───── Provided data

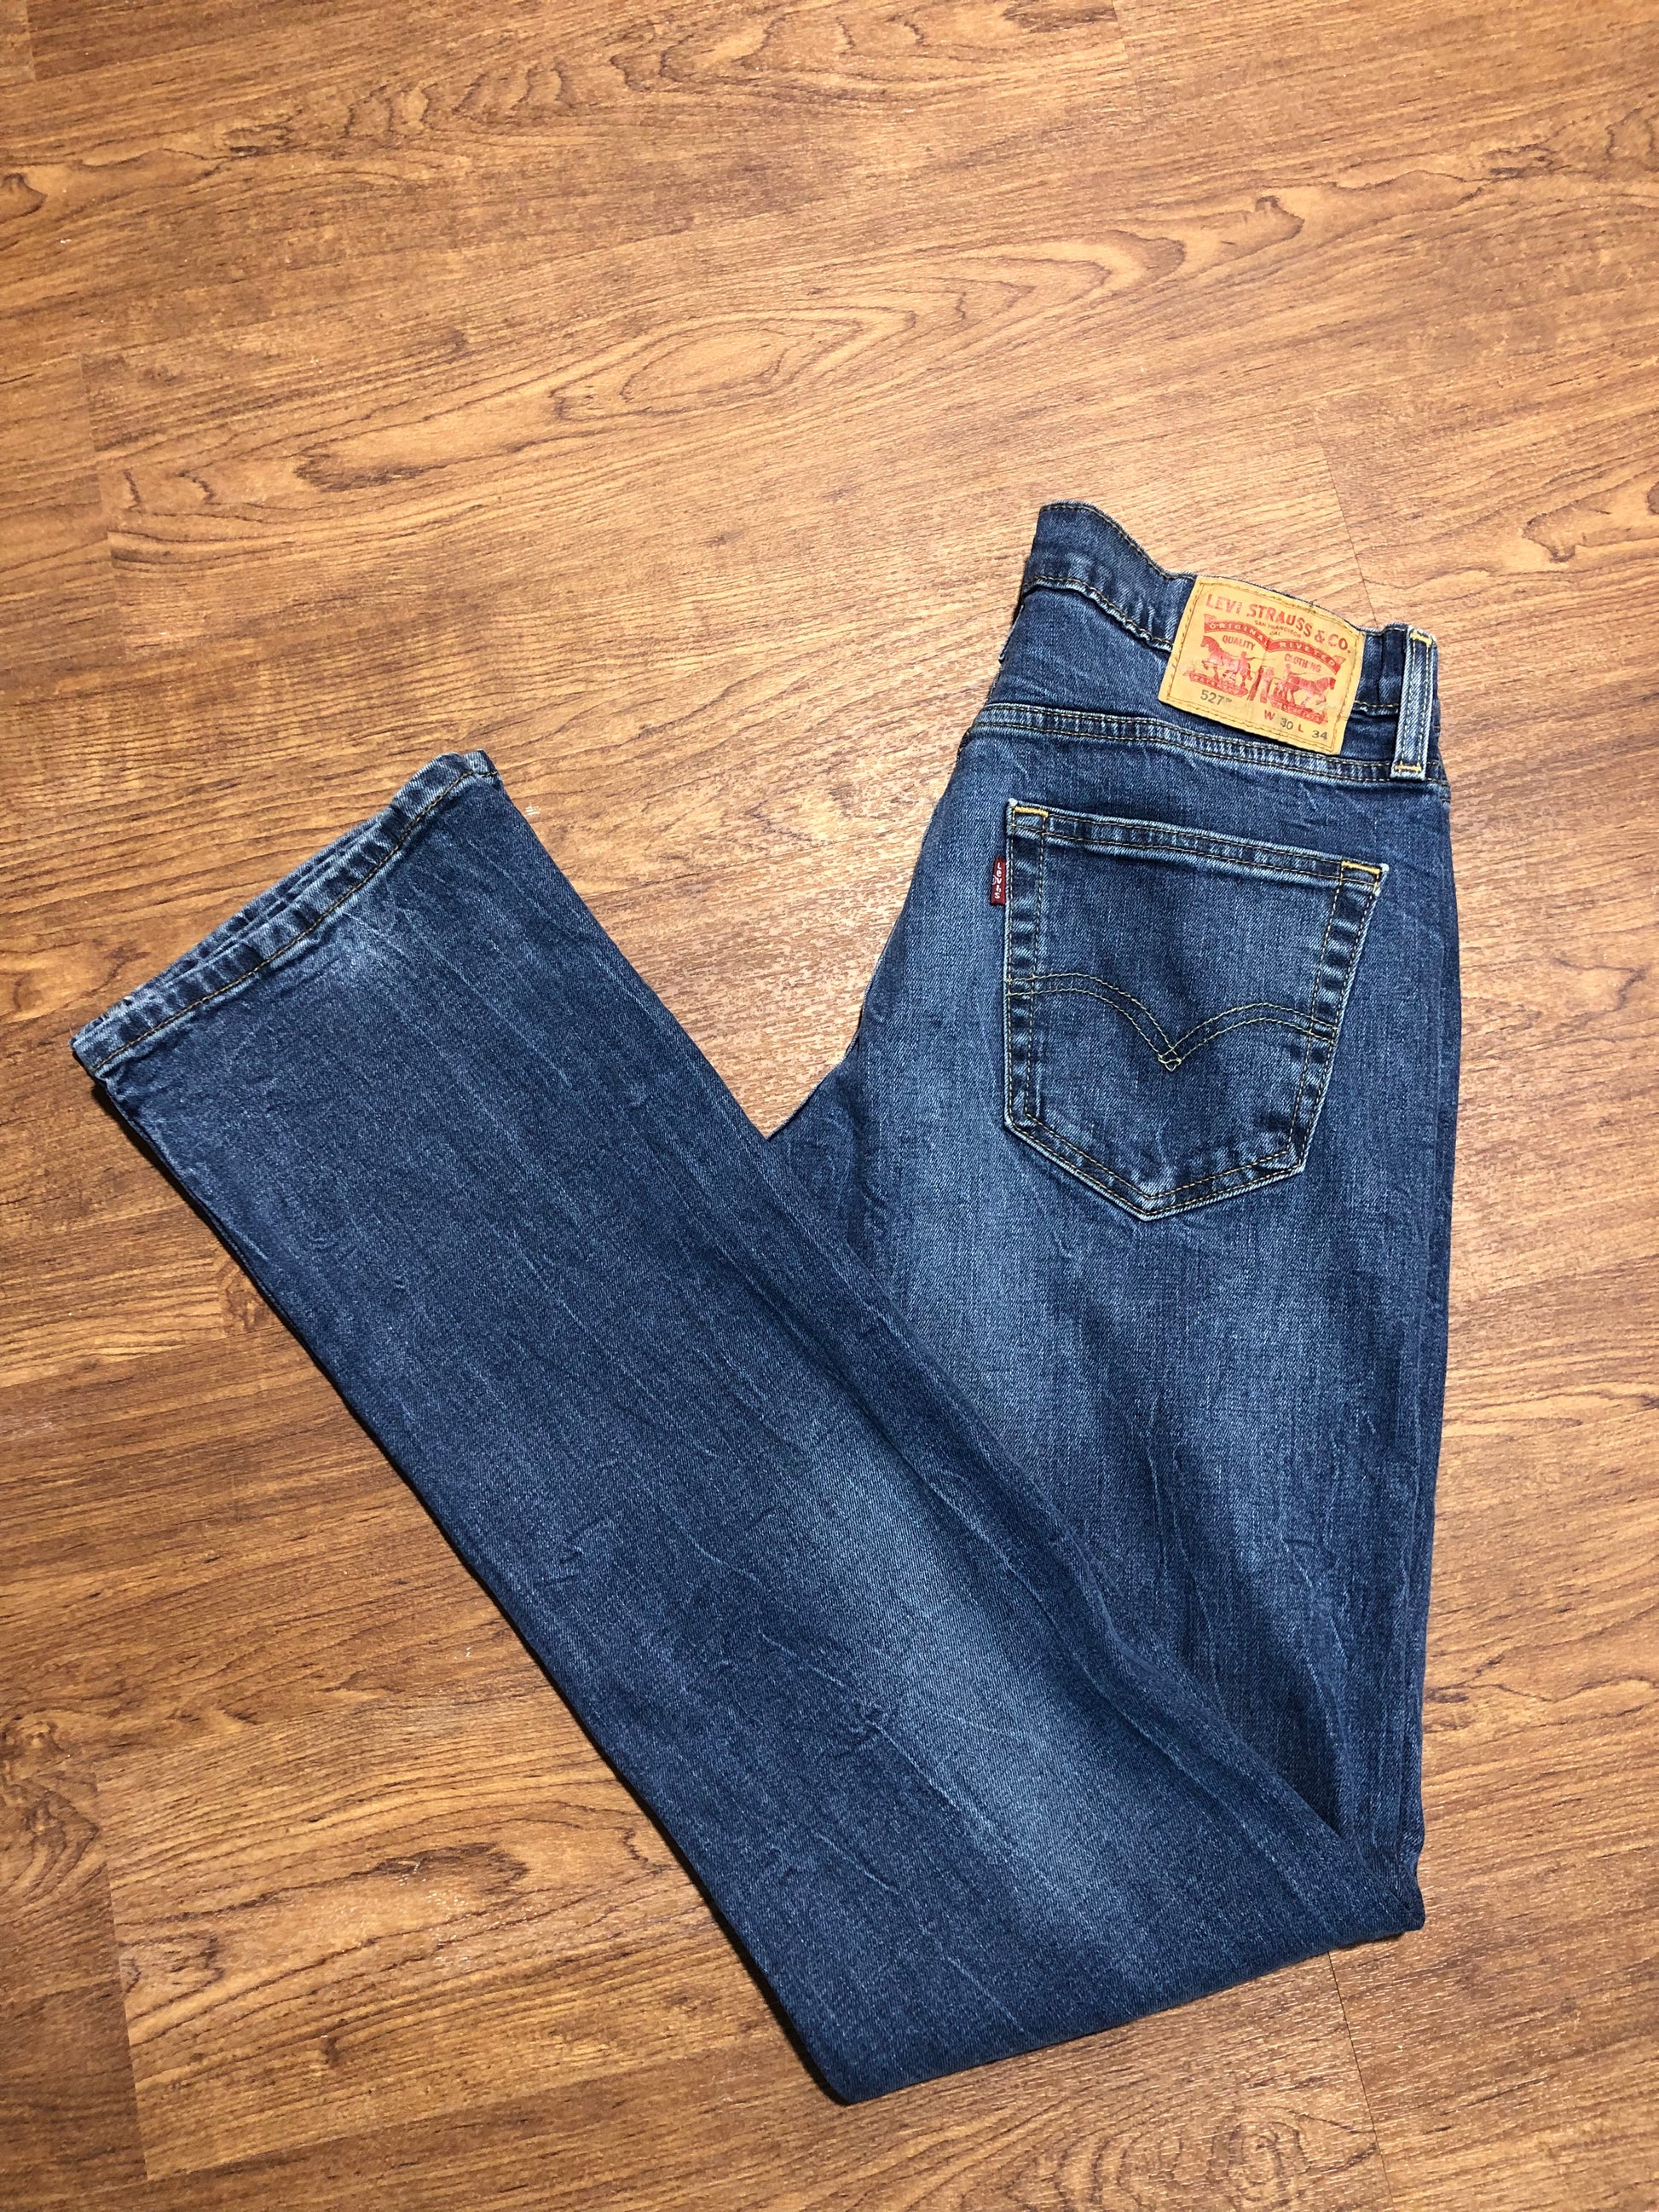 LEVI'S 527 blue jeans W30 L34 – Kent Vintage Garms
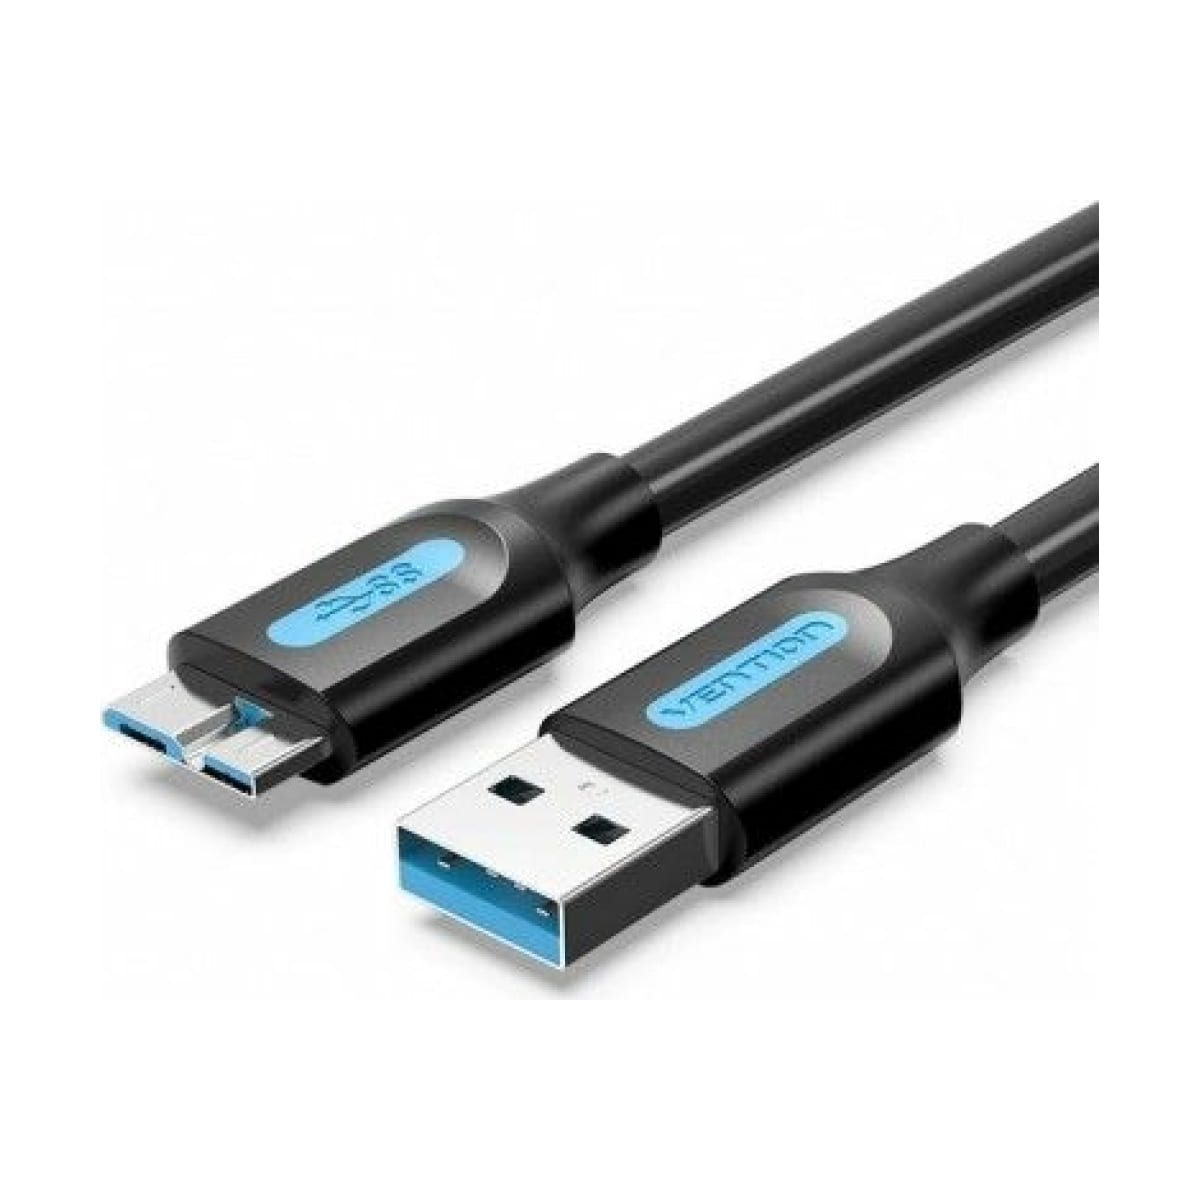 Кабель Vention USB 3.0 AM/micro B - 0,5м. (COPBD) кабель для samsung galaxy tab для зарядки и передачи данных широкий разъем 1м note 10 1 p7500 p7320 p7300 p6800 p5100 p3100 p1000
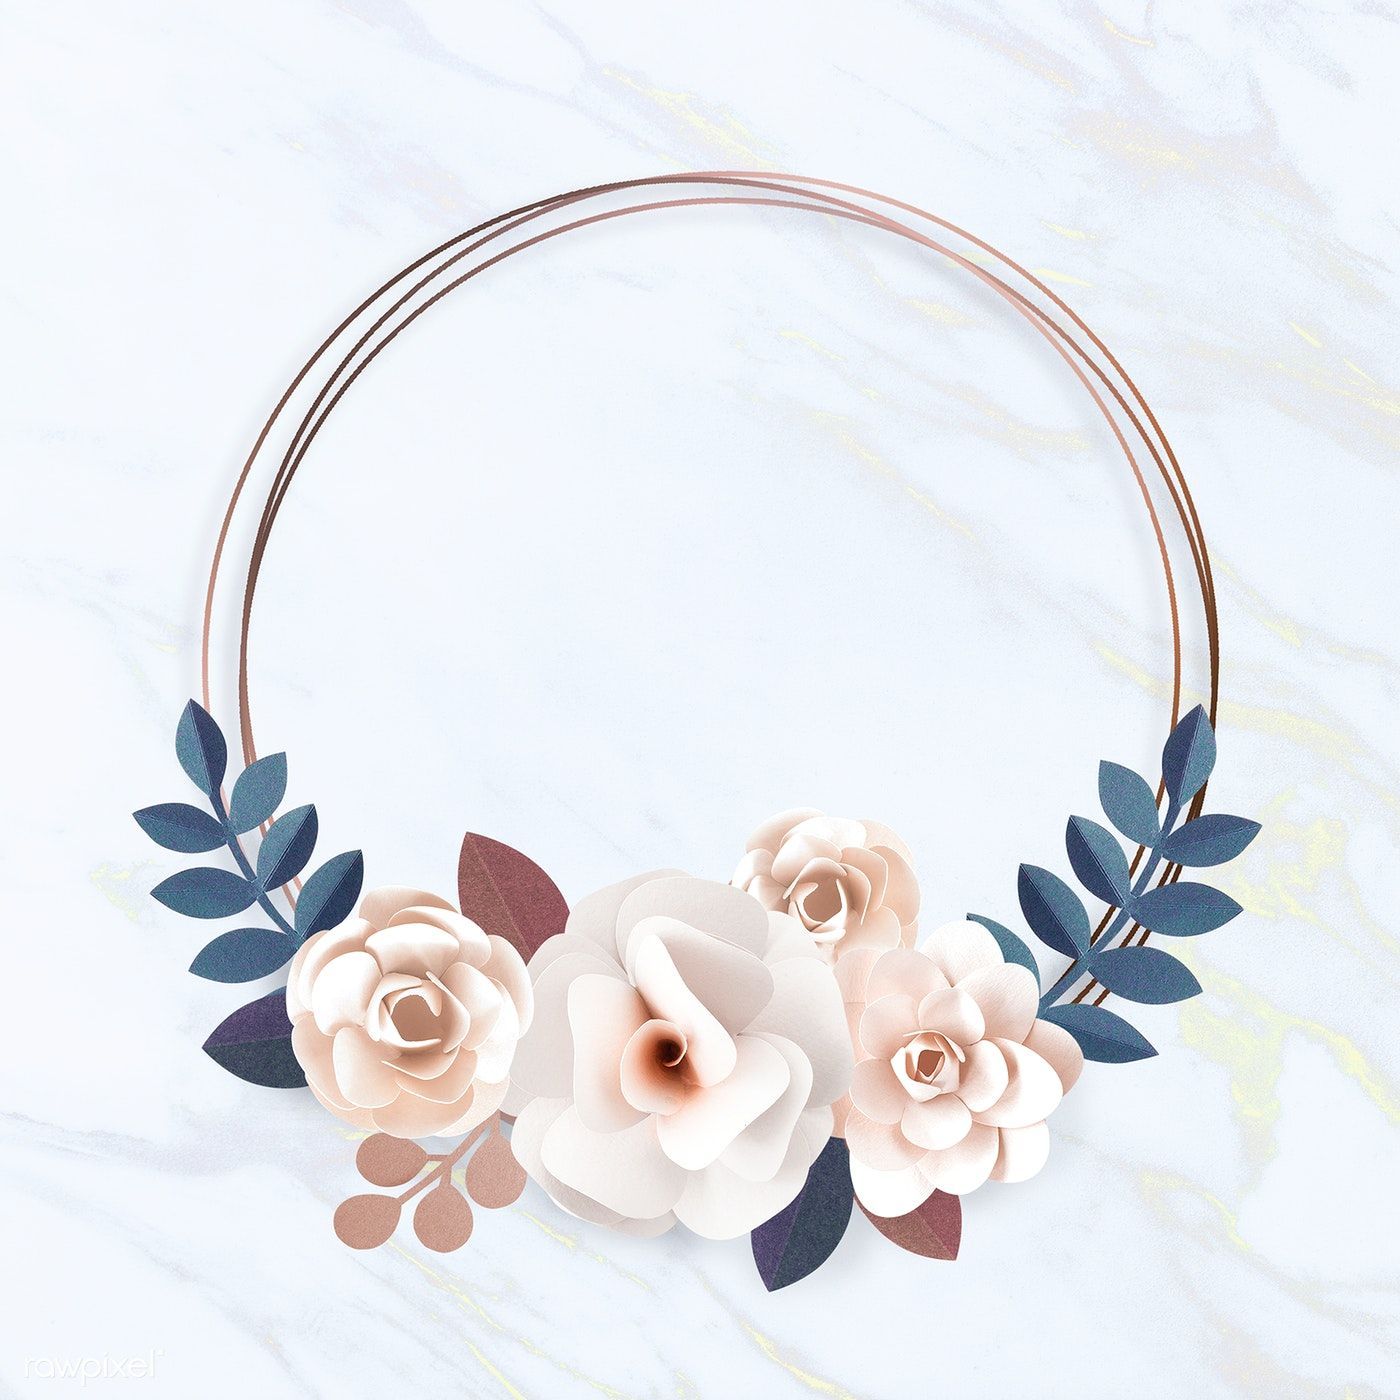 Download premium illustration of Round paper craft flower wreath
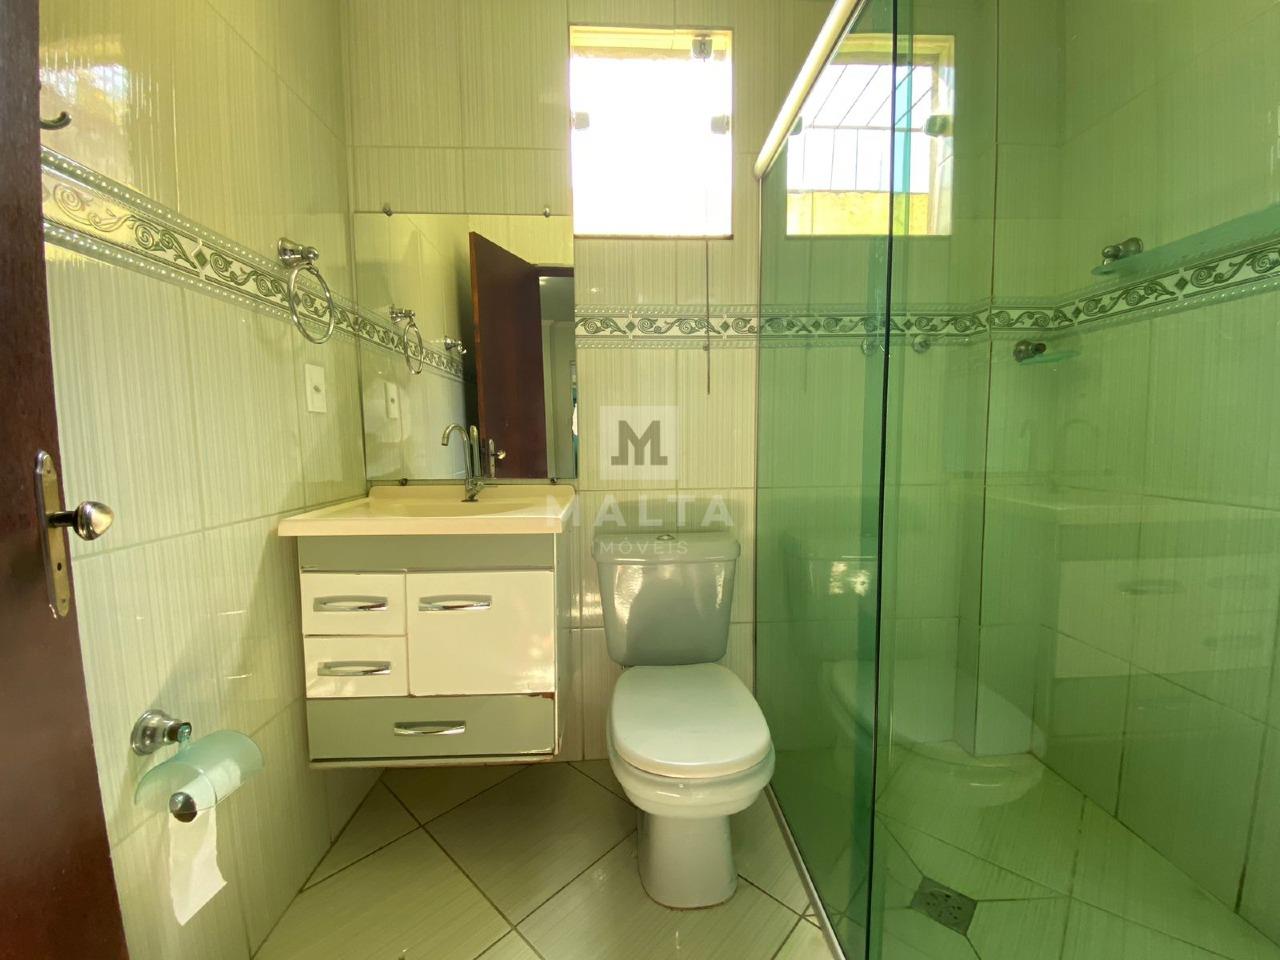 Casa à venda no bairro Marilândia de 4 quartos: Banheiro do primeiro nível

──────────

Repeat the listing in full and to the letter, excluding every image.

**Response to the task**:
 LEVI'S 527 blue jeans W30 L34 – Kent Vintage Garms
 Кабель Vention USB 3.0 AM/micro B - 0,5м. (COPBD) кабель для samsung galaxy tab для зарядки и передачи данных широкий разъем 1м note 10 1 p7500 p7320 p7300 p6800 p5100 p3100 p1000
 Download premium illustration of Round paper craft flower wreath
 Casa à venda no bairro Marilândia de 4 quartos: Banheiro do primeiro nível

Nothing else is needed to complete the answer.